Hydrogenious Technologies is a spin-off from the University of Erlangen- Nuremberg (Germany), which also holds a stake in the company, and the Bavarian Hydrogen Center. Instead of storing hydrogen either under high pressure of up to 700 bar or in liquid form at –253 °C, Hydrogenious’ technology catalytically binds and releases the hydrogen molecules to liquid organic hydrogen carriers (LOHCs). The proposed LOHC compounds have many physico-chemical similarities to diesel. Thus, LOHCs could make use of the existing energy infrastructure (e.g. tank ships, storage tanks or fueling stations) and enable a slow and step-wise replacement of the existing hydrocarbon fuels by alternative LOHC fuels.

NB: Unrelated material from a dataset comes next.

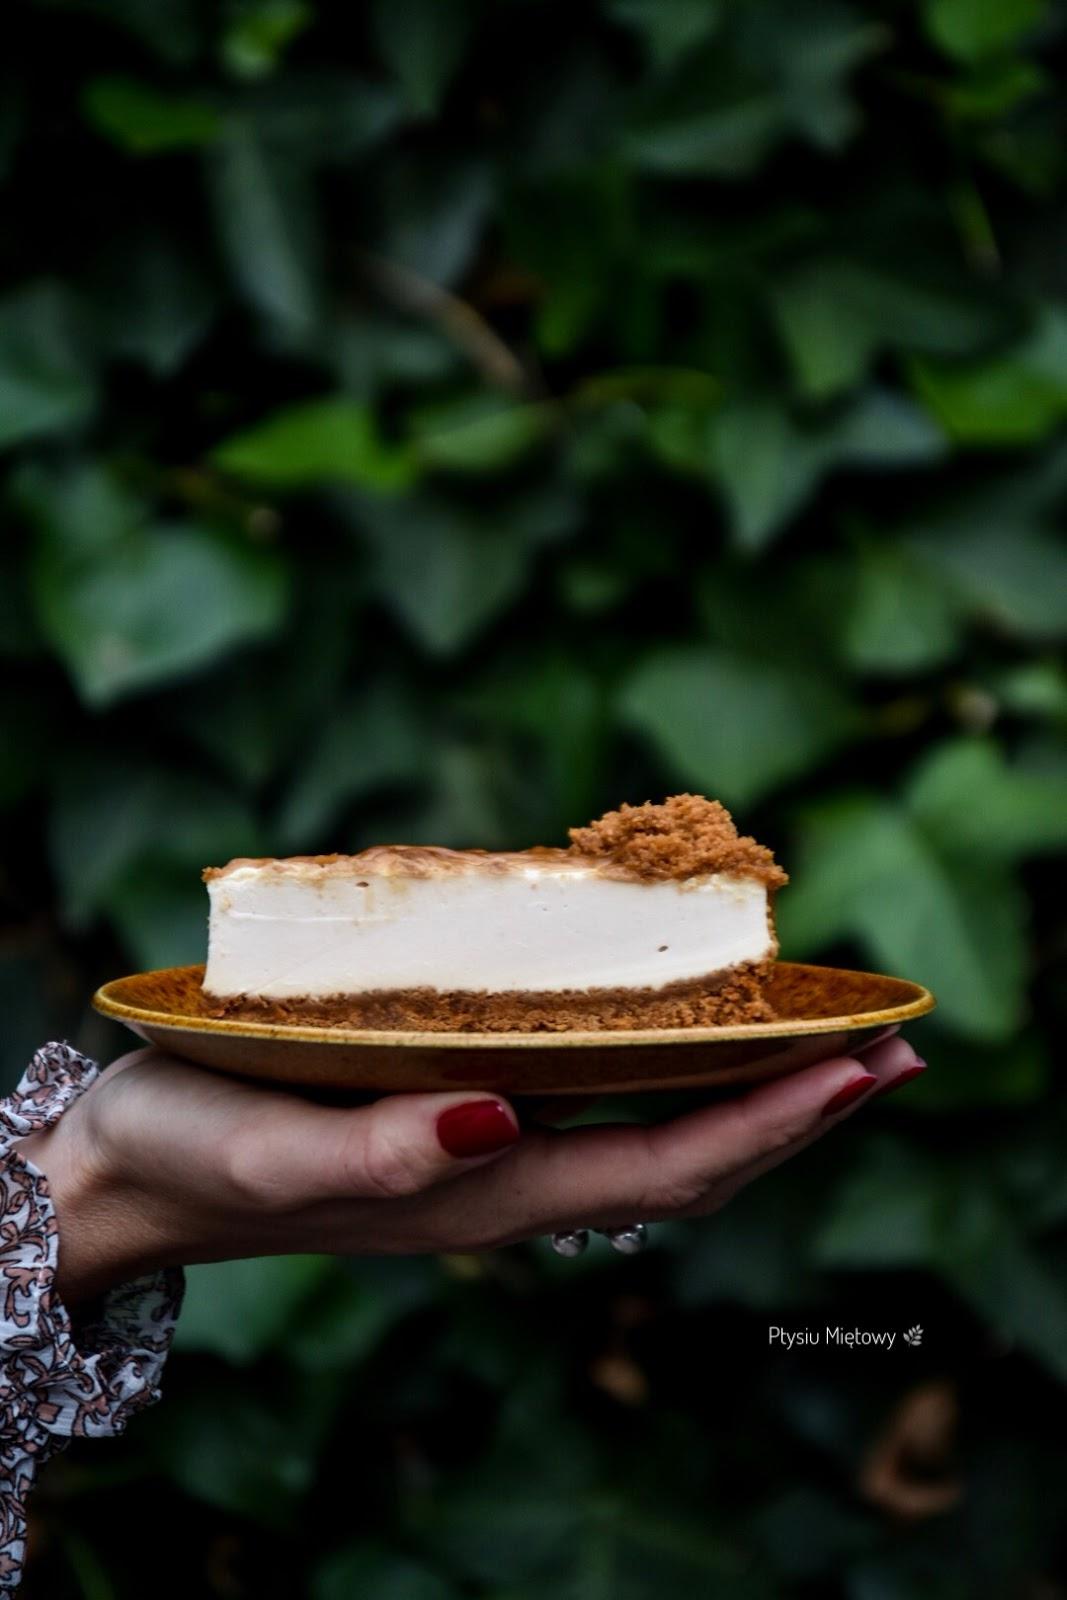 sernik, ciasto, deser, ptysiu mietowy

During loading and unloading, the LOHC material itself is not consumed but can be reused many times. Important selection parameters for suitable substances are storage density, physical state under ambient conditions, availability, durability and pureness.

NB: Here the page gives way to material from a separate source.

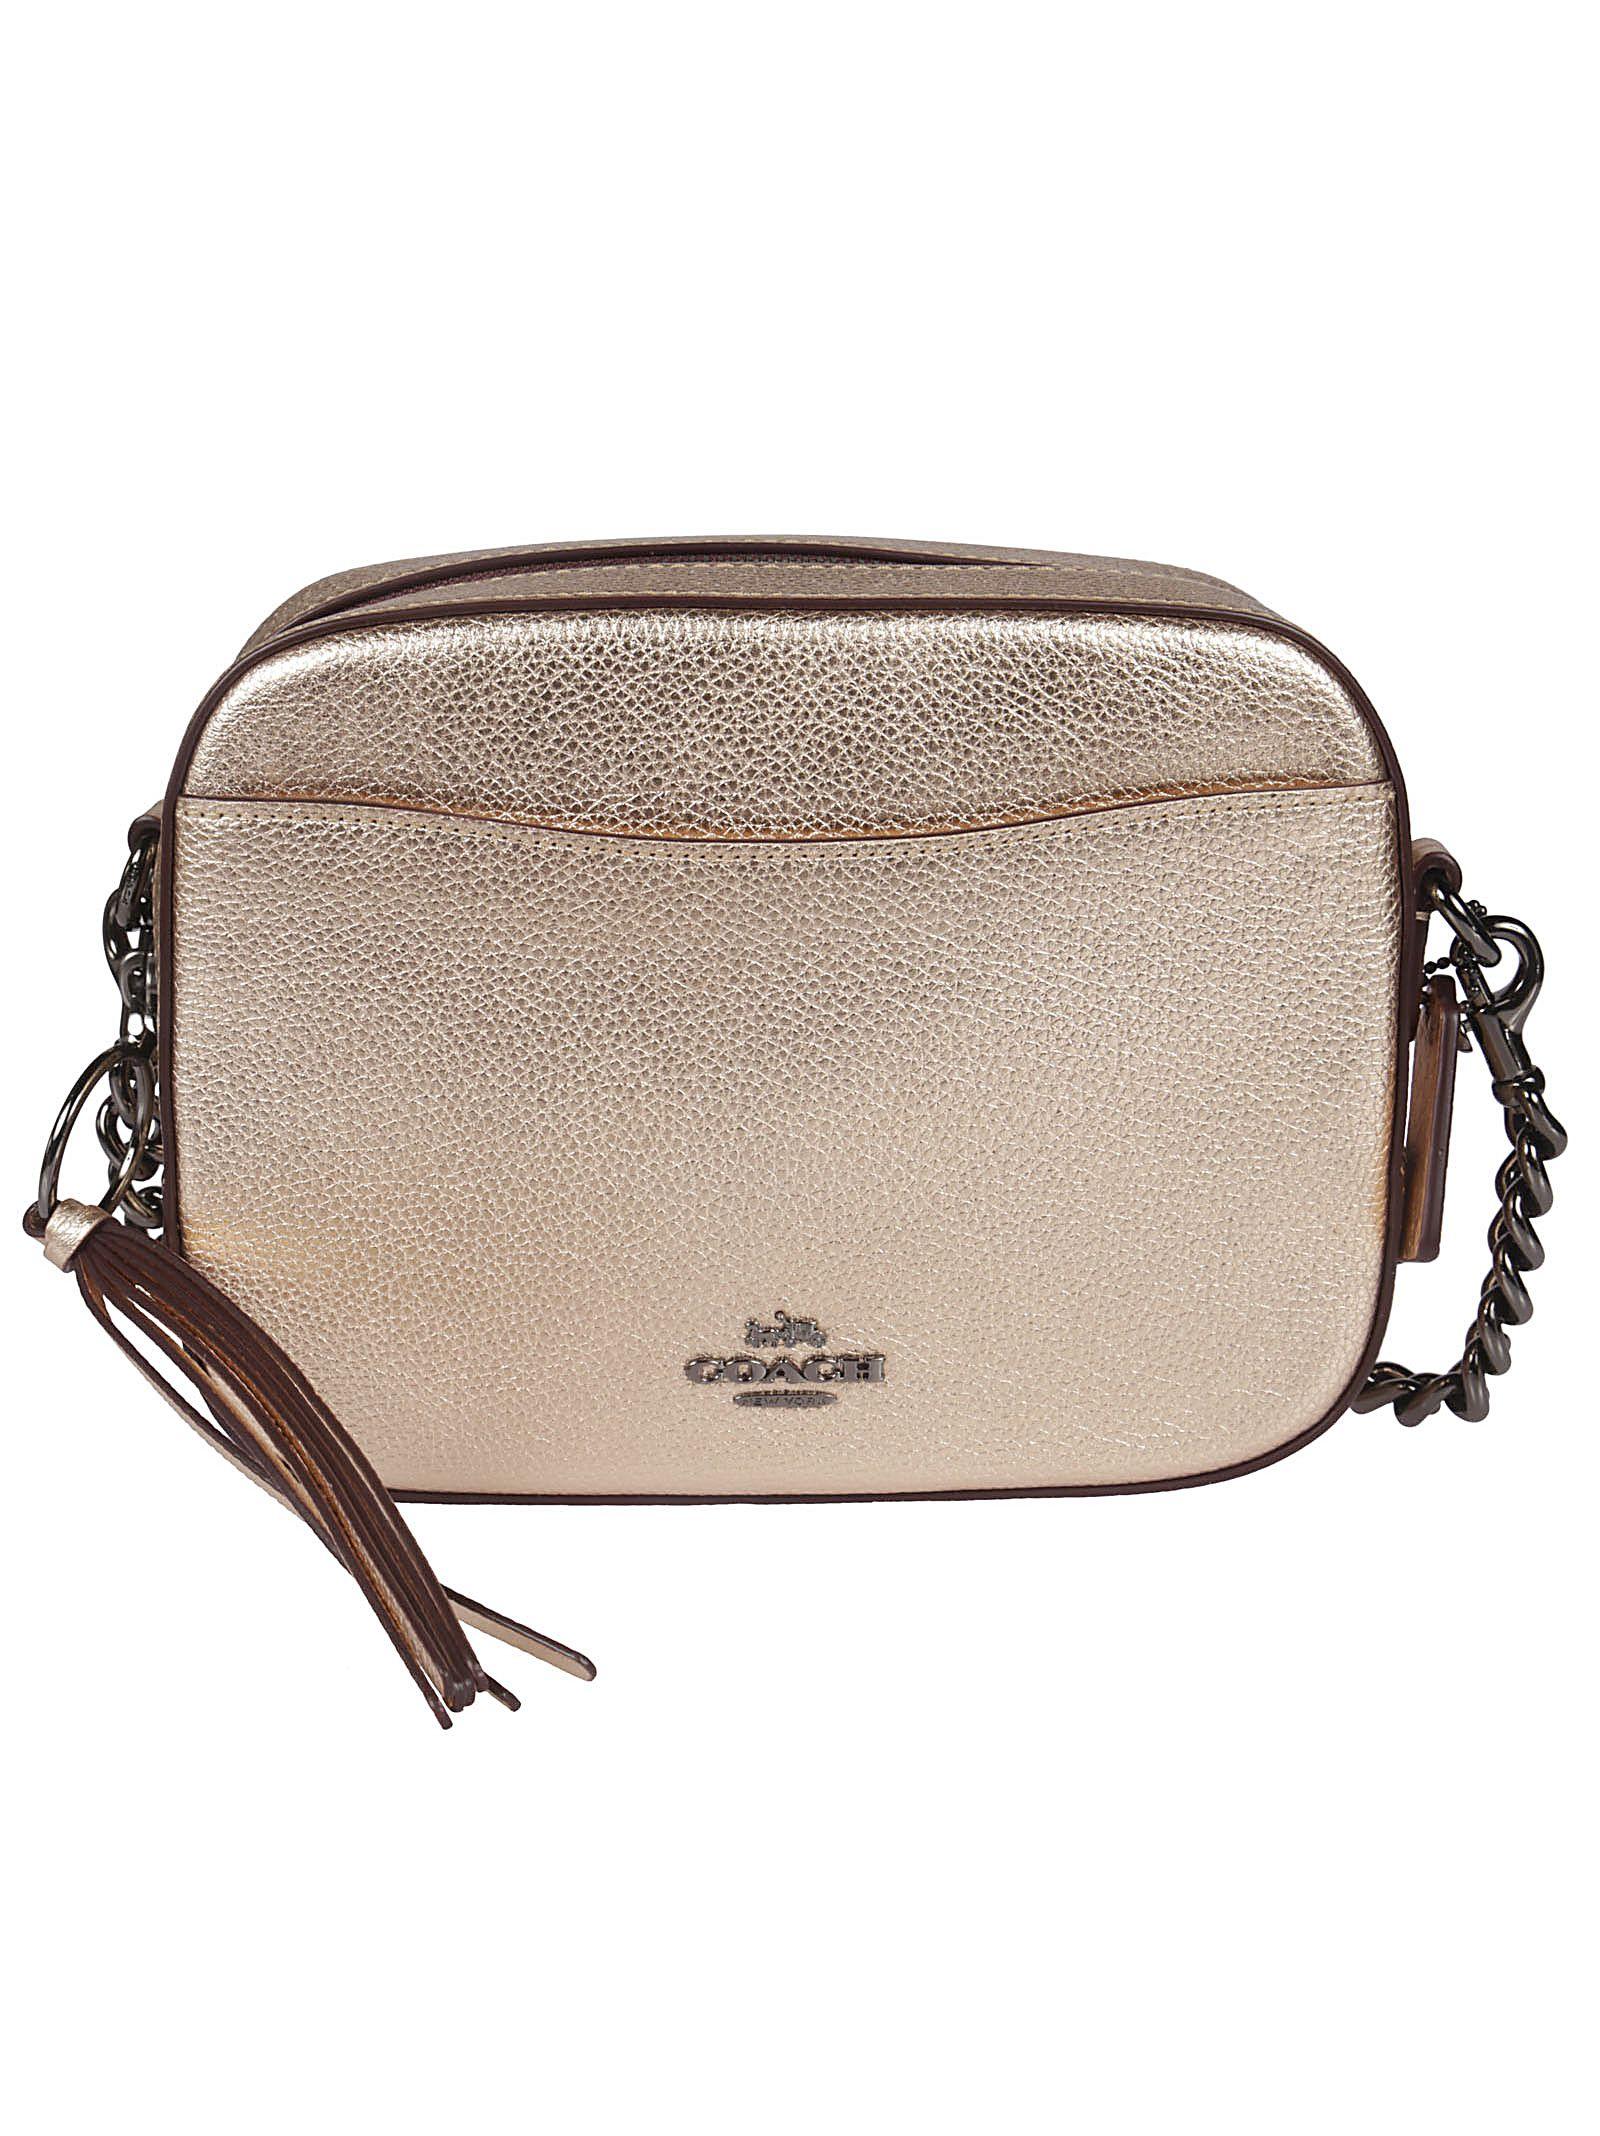 Coach Logo Plaque Shoulder Bag

Hydrogenious Technologies already provides hydrogenation-ready high-quality LOHC materials customized for the particular application (stationary, mobile, etc.). These products include:
- N-Ethylcarbazole
- Perhydro-N-Ethylcarbazole
- Dibenzyltoluene
- Perhydro-Dibenzyltoluene
Hydrogenious is developing HydroSTORE, a stationary storage system, to offer solutions to the increasing energy storage needs arising out of further expansion of renewable energy generation. The flexibility to decouple input power, output power and storage capacity would contribute to grid stabilization and grid independence.
The Bavarian Hydrogen Center is hosting a demonstrator system based on the LOHC technology developed at the University of Erlangen. In this system hydrogen is generated via electrolysis by means of surplus renewable energy (for example, from a photovoltaic system) and stored chemically using LOHCs in a conventional fuel tank at ambient conditions. The hydrogen can be released and converted back into electricity in a fuel cell when required.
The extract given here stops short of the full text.